* **Data**
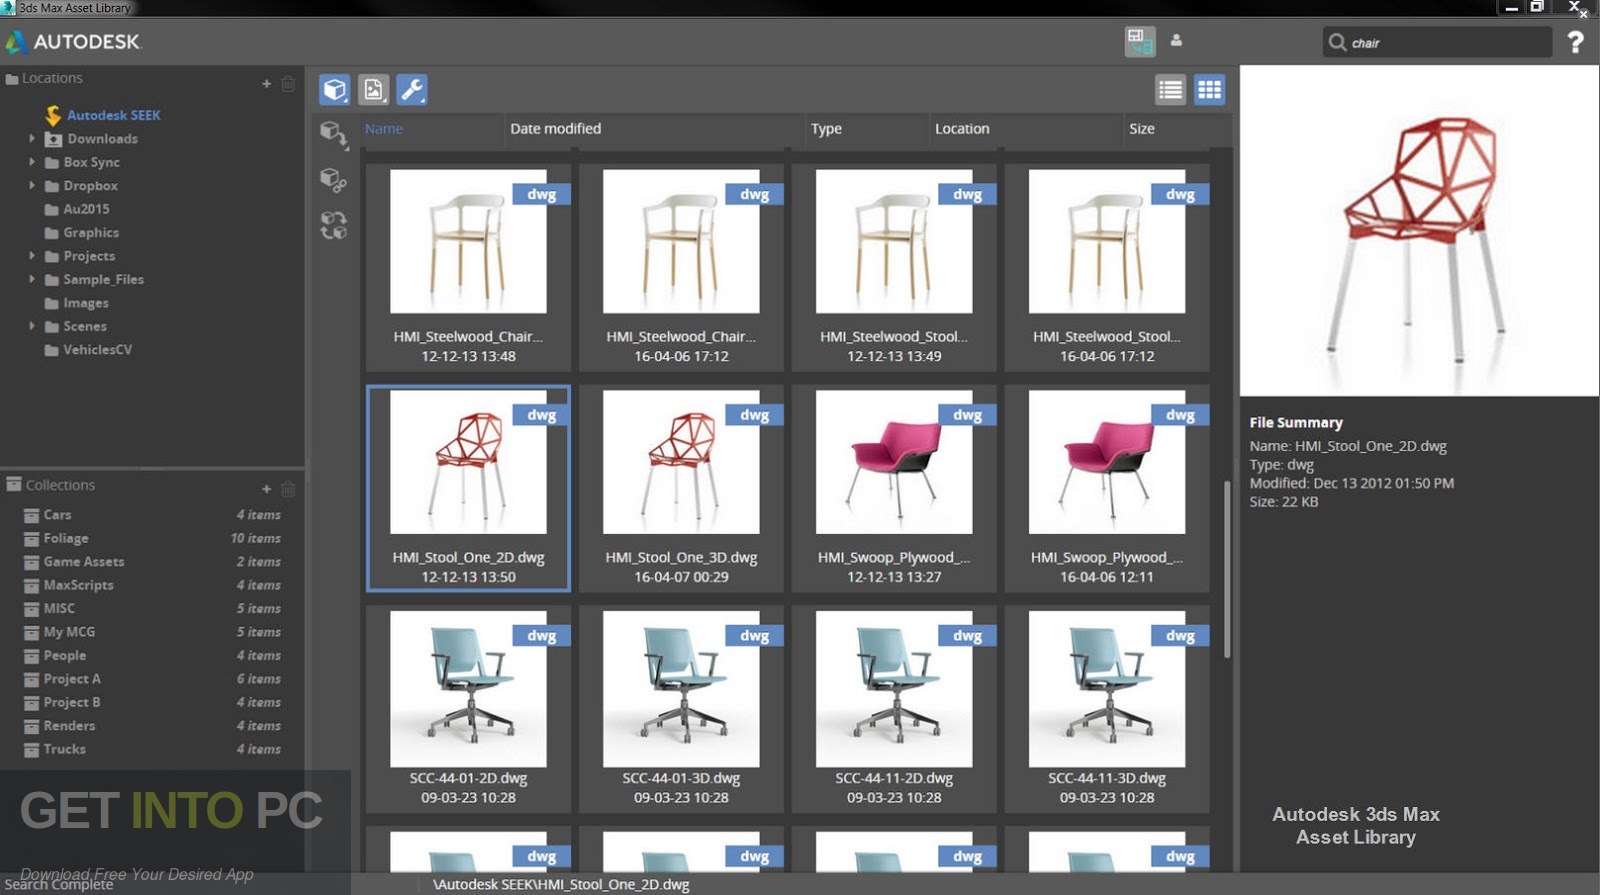 Autodesk 3ds Max 2009 Plugins Collections Latest Version Download-GetintoPC.com
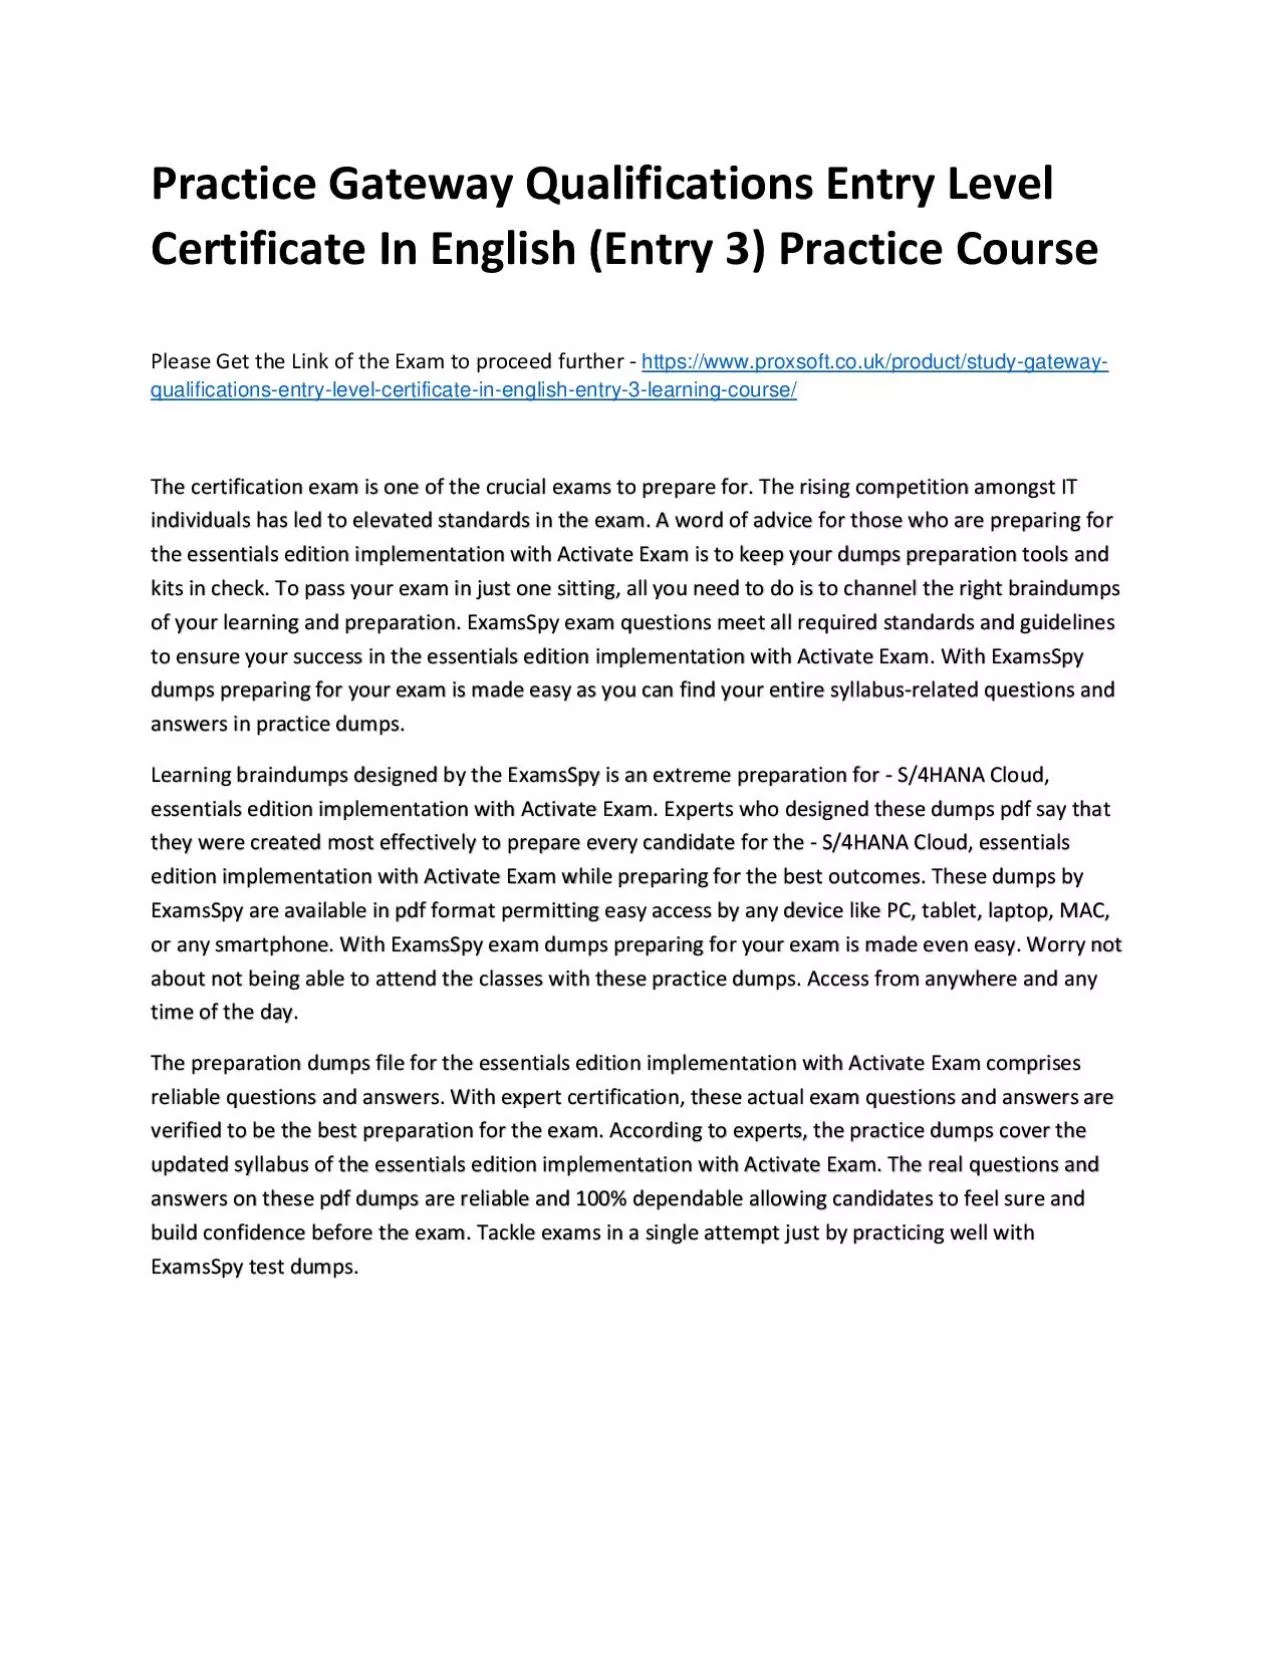 Practice Gateway Qualifications Entry Level Certificate In English (Entry 3) Practice
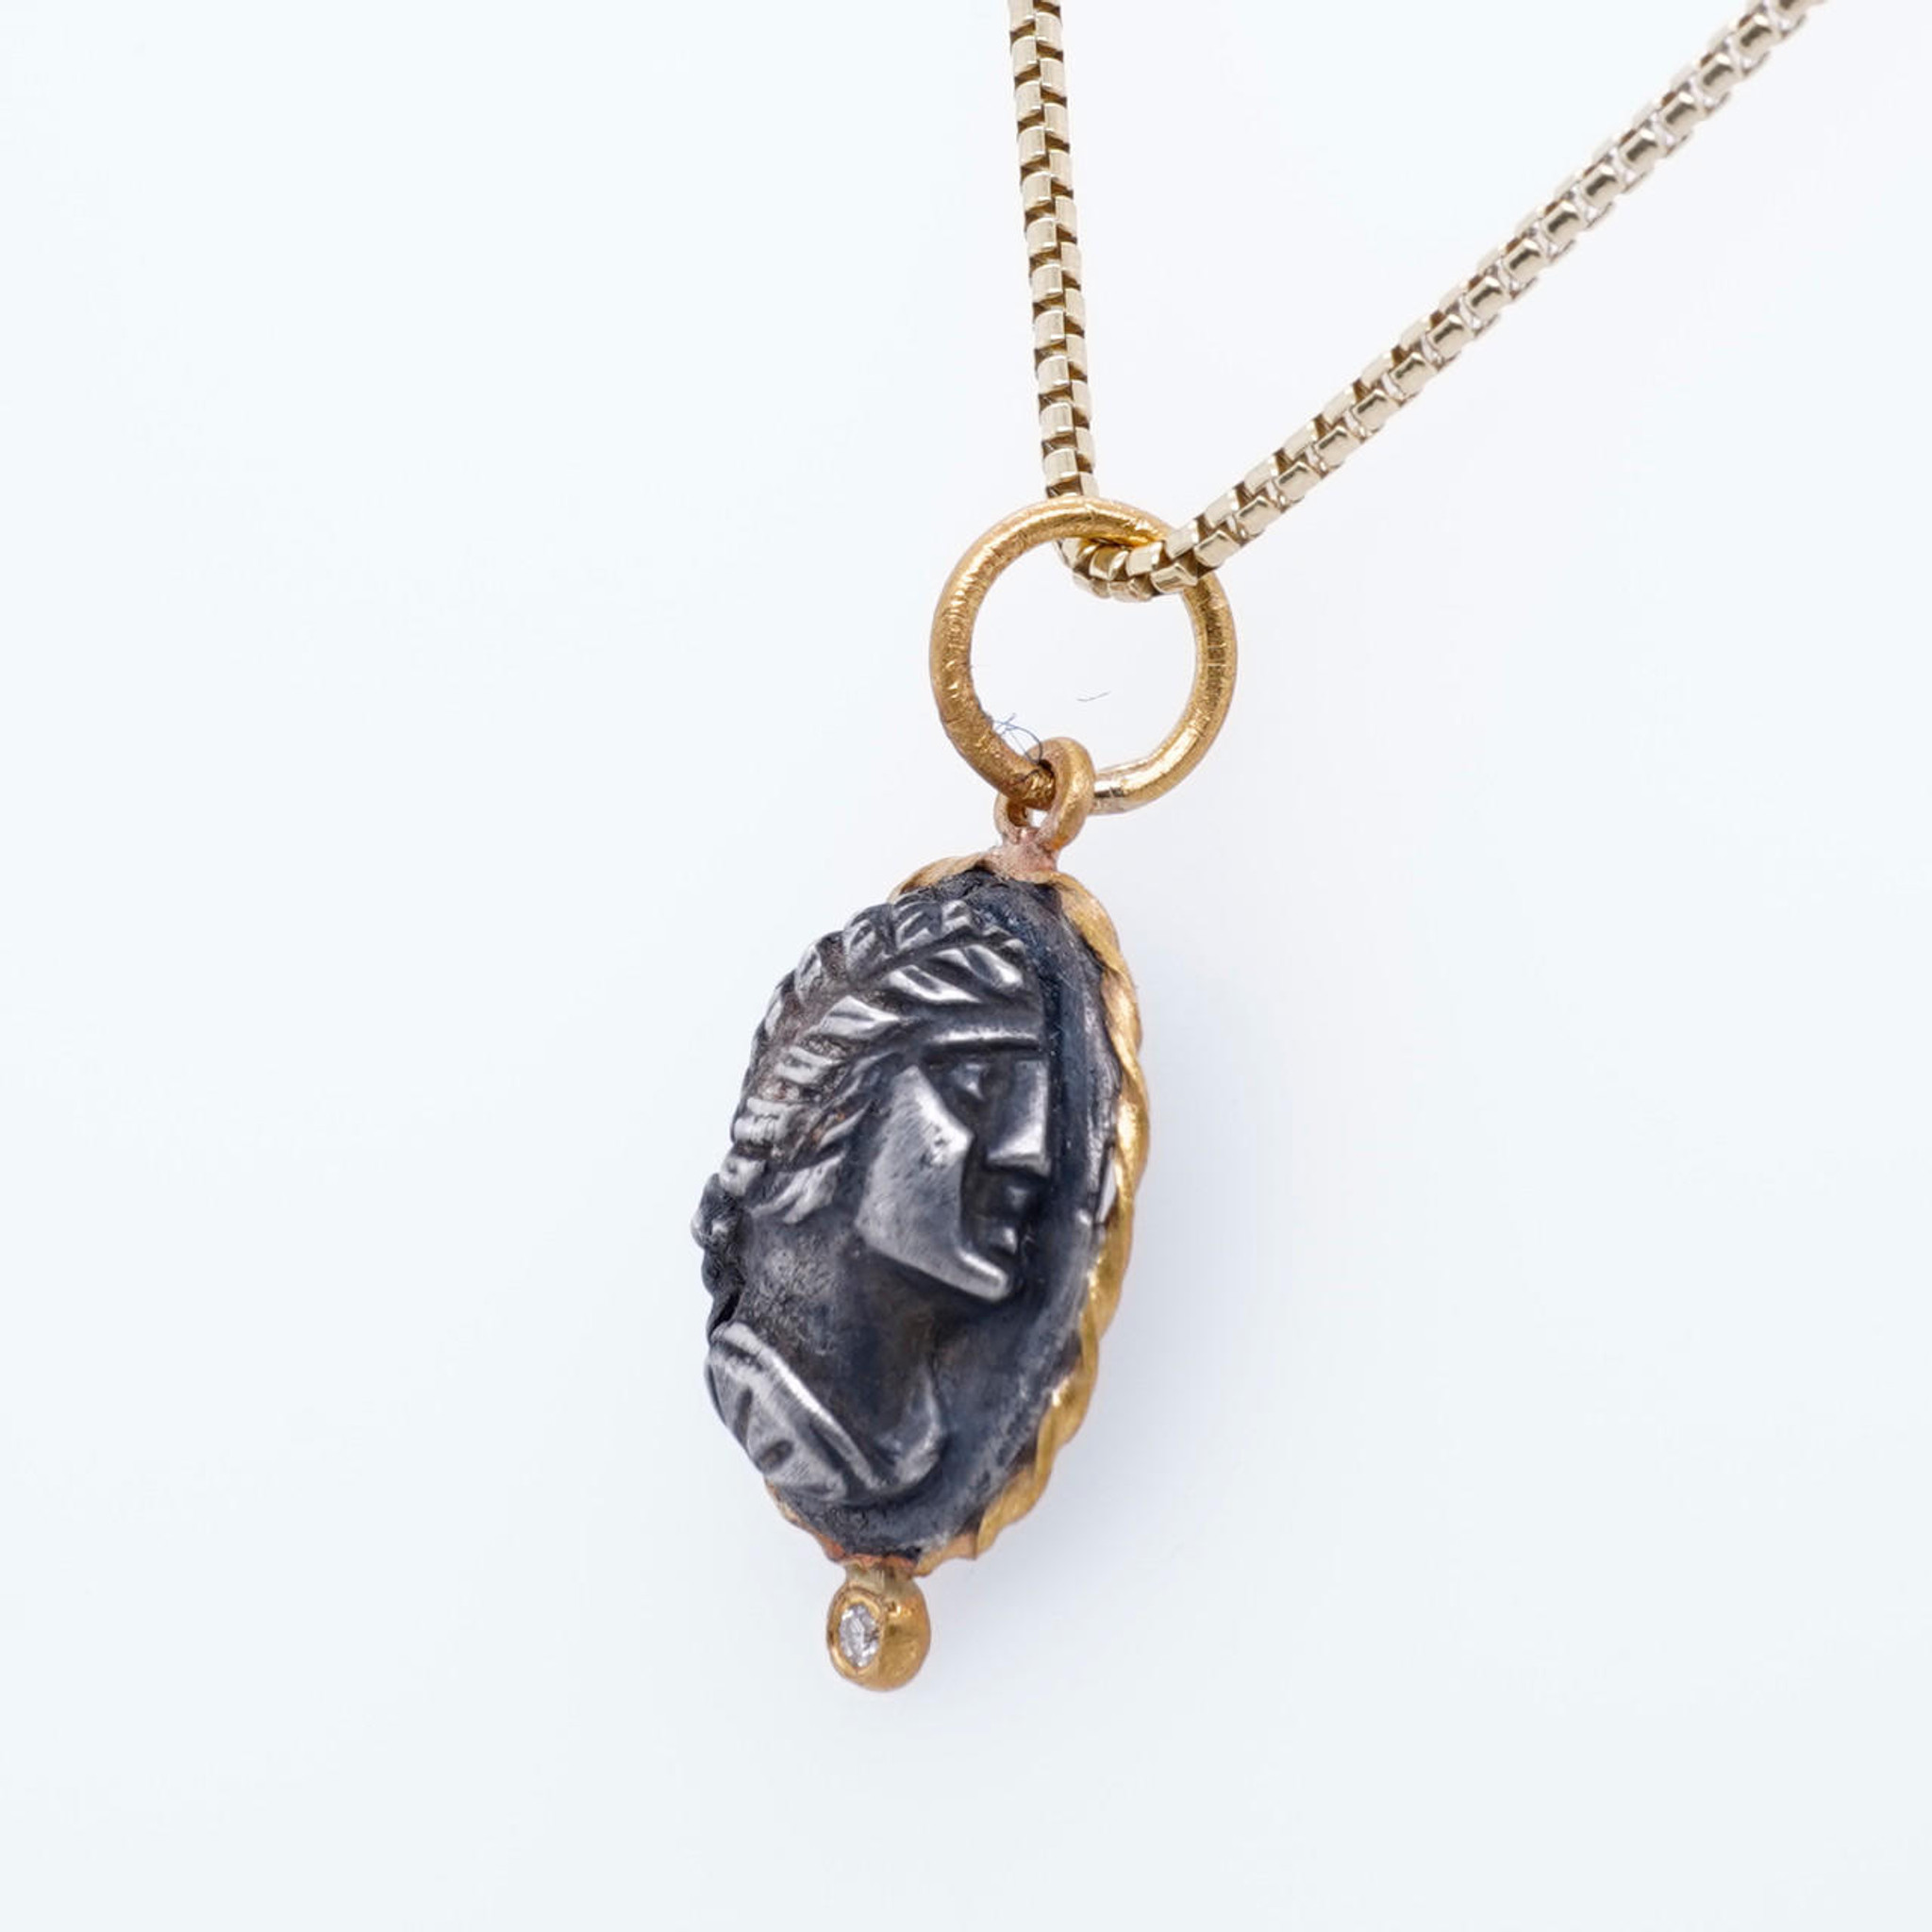 Water Nymph, Pendant Necklace Charm Coin Amulet with Diamond, 24kt Gold and Silver by Prehistoric Works of Istanbul, Turkey

* **Task to carry out**
Please make an exact copy of the whole listing and leave out its pictures.

* **Output**
 Autodesk 3ds Max 2009 Plugins Collections Latest Version Download-GetintoPC.com
 Practice Gateway Qualifications Entry Level Certificate In English (Entry 3) Practice
 Water Nymph, Pendant Necklace Charm Coin Amulet with Diamond, 24kt Gold and Silver by Prehistoric Works of Istanbul, Turkey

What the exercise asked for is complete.